- Born: May 1, 1852 Mansfield, Ohio
- Died: September 10, 1925 (aged 73) St. Paul, Minnesota
- Education: Cornell University
- Occupations: Historian, author, topographer
- Notable credit(s): Wonderland (1886), The Trail of Lewis and Clark (1904)
- Spouse: Anna E. S. Burr
- Parent(s): Alfred and Lydia Curtis Wheeler

= Olin Dunbar Wheeler =

American historian, author and topographer

Olin Dunbar Wheeler (May 1, 1852 – September 10, 1925) was an American historian, author and topographer.

==Early life==
Olin Wheeler was born May 1, 1852, in Mansfield, Ohio, to parents Reverend Alfred Wheeler and Lydia Curtis Wheeler. His brother Edward Jewett Wheeler later became the editor of The Literary Digest and Current History. Wheeler was educated at Baldwin University and Allegheny College. In 1874, Wheeler graduated with a degree in Civil Engineering from Cornell University.

==Western exploration==
Upon graduating from Cornell in 1874, Wheeler obtained employment with the Geographical and Geological Survey of the Rocky Mountain Region headed by geologist John Wesley Powell. In 1876, Wheeler was the assistant to John H. Renshawe, working on topographical surveys in southwestern Utah and southeastern Nevada. In 1877, Wheeler was the assistant of Professor A. H. Thompson who headed the triangulation party of the survey. The party operated in the region west of the Green River. Wheeler continued with the Powell survey until its conclusion in 1879.

After leaving the survey Wheeler obtained an appointment to work on the tenth United States census in Washington, D.C. During summer months he was the disbursing officer at Virginia City, Nevada, and during the winters he was engaged in special census work at the Capital. He gained valuable experience as a special correspondent for various newspapers, writing on Congressional matters and public events.

In 1882 Wheeler married Anna E. S. Burr of Mount Vernon, Ohio, and settled in St. Paul, Minnesota, under the employment of Elias F. Drake, a prominent businessman. Wheeler held this position until June, 1892.
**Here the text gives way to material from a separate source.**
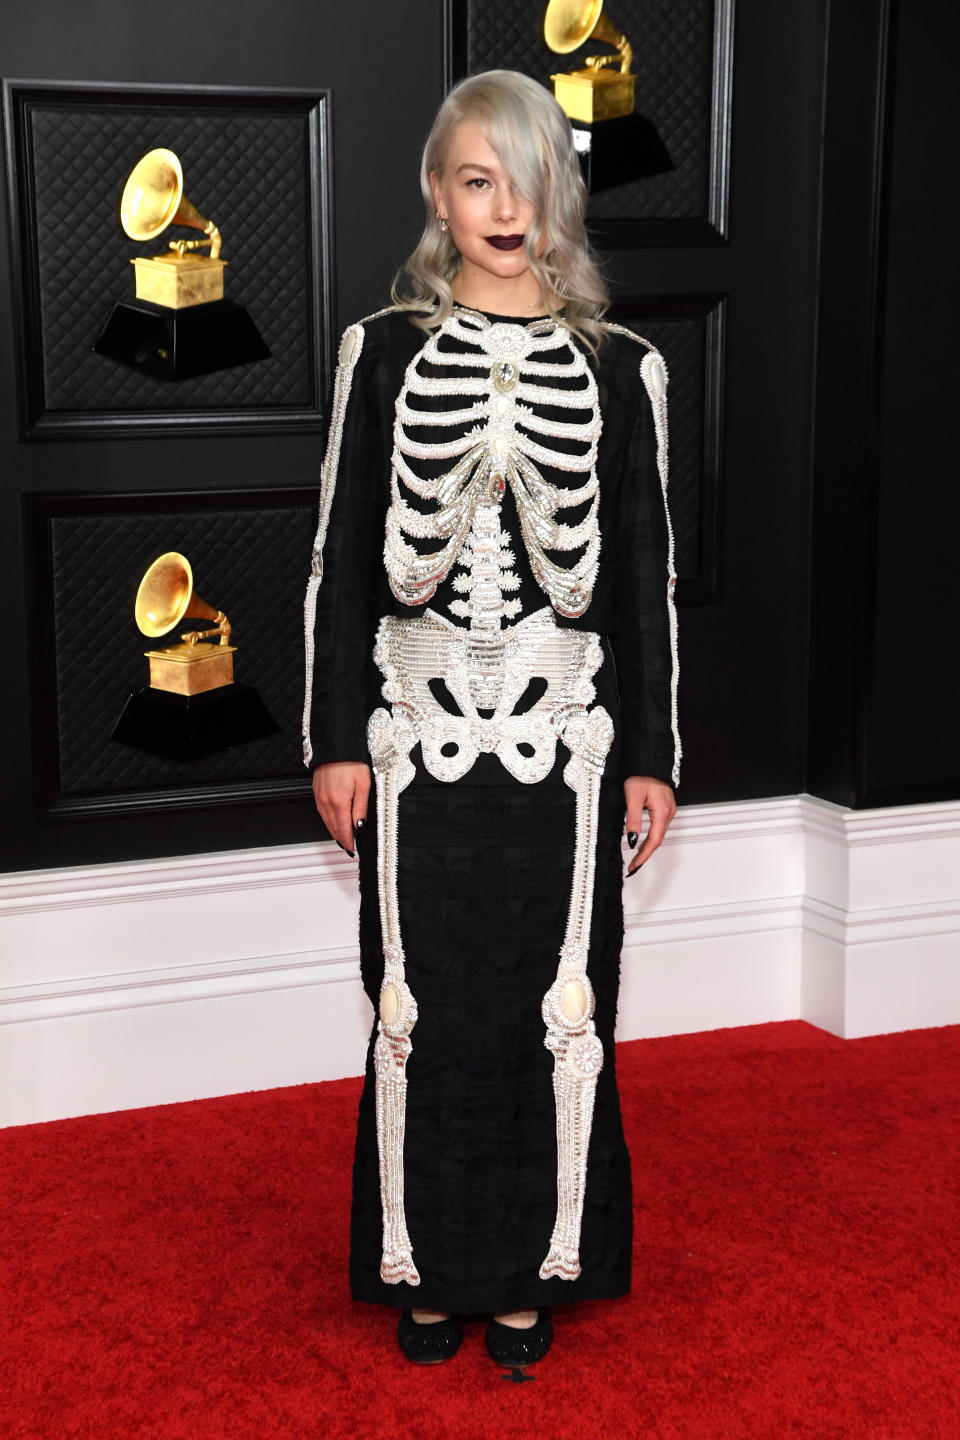 LOS ANGELES, CALIFORNIA - MARCH 14: Phoebe Bridgers attends the 63rd Annual GRAMMY Awards at Los Angeles Convention Center on March 14, 2021 in Los Angeles, California. (Photo by Kevin Mazur/Getty Images for The Recording Academy )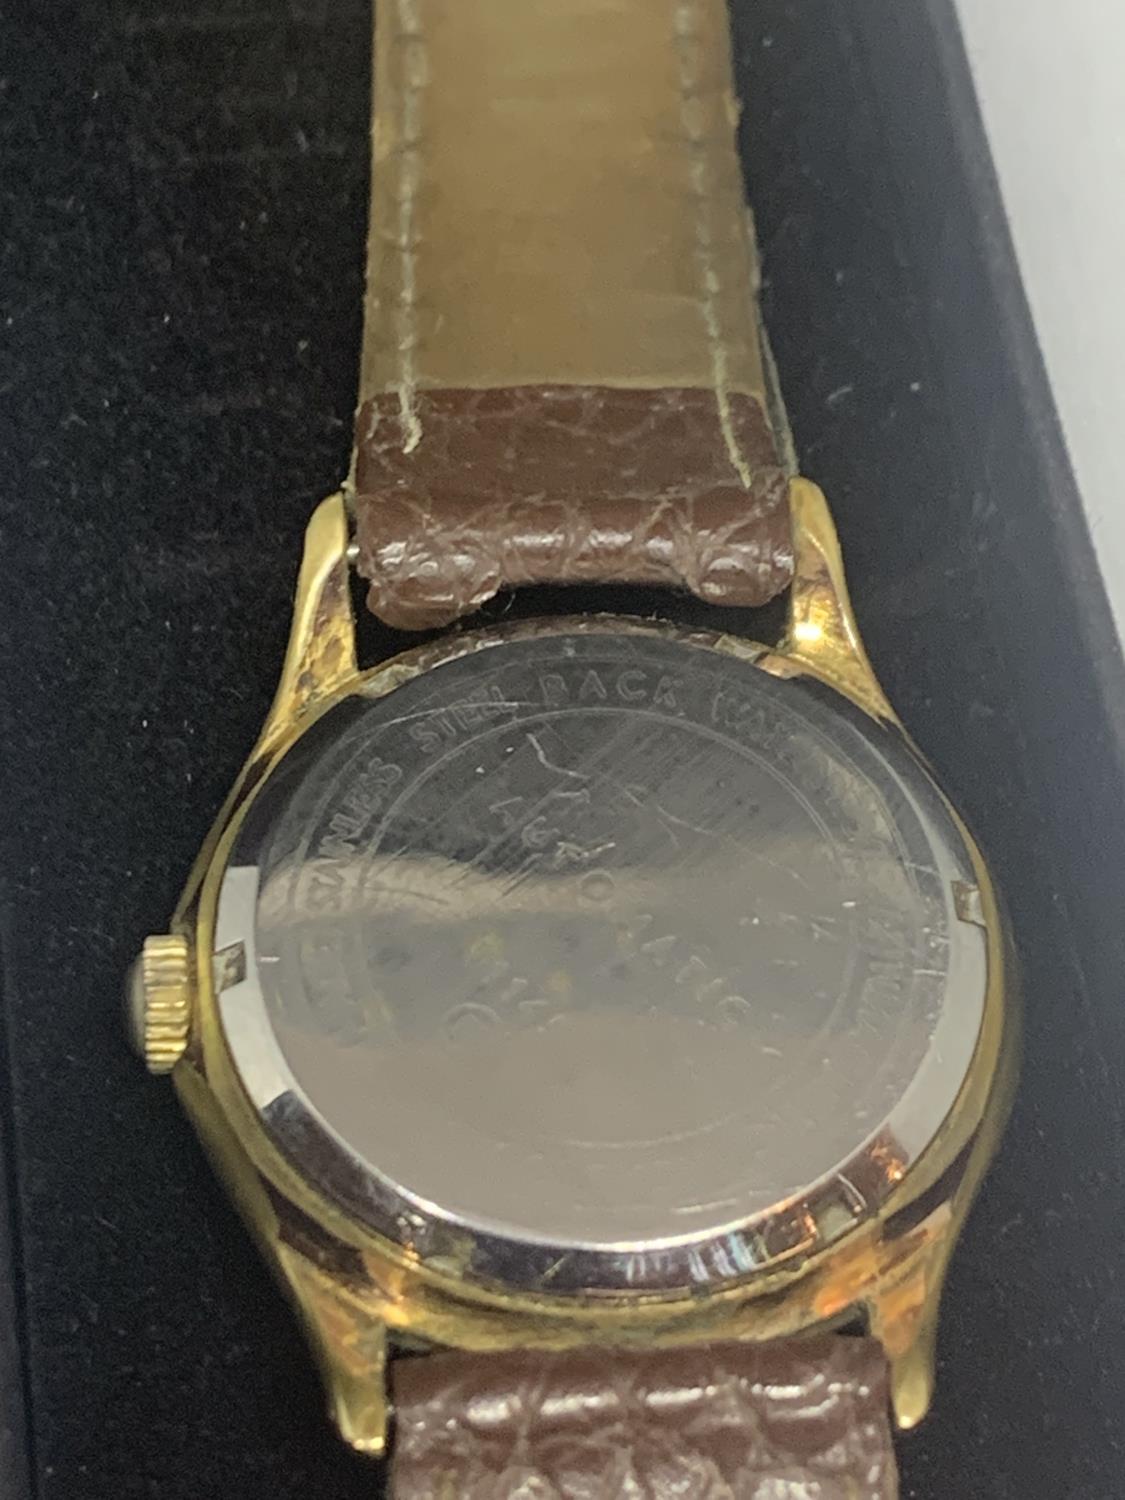 A VINTAGE SULLY SPECIAL 15 JEWEL AUTOMATIC WRIST WATCH WITH BROWN LEATHER STRAP IN A PRESENTATION - Image 3 of 4

==Northern Pacific Railroad==
In June 1892, Olin Wheeler was hired by the Northern Pacific Railroad to head its advertising, a position he held for 16 years. In 1893, he authored the first of many editions of the annual NPR travel guide, Wonderland which highlighted attractions along the route of the railroad in the west, including Yellowstone National Park and Alaska. He authored at least 19 books on behalf of the railroad, including at least 13 in the Wonderland series from 1893–1906.

==Lewis and Clark==
Olin Wheeler published a two volume work The Trail of Lewis and Clark 1804-1904 in 1904 based upon actual travel over the trail. He was the first historian to produce a significant work about the Lewis and Clark Expedition. Wheeler's book gave the general public his personal impressions of the story of the expedition, the waters they navigated and the land they traversed. The volumes contained two hundred illustrations and numerous images of important expedition scenes and landmarks photographed by the various professional photographers who accompanied him in his retracings of the route.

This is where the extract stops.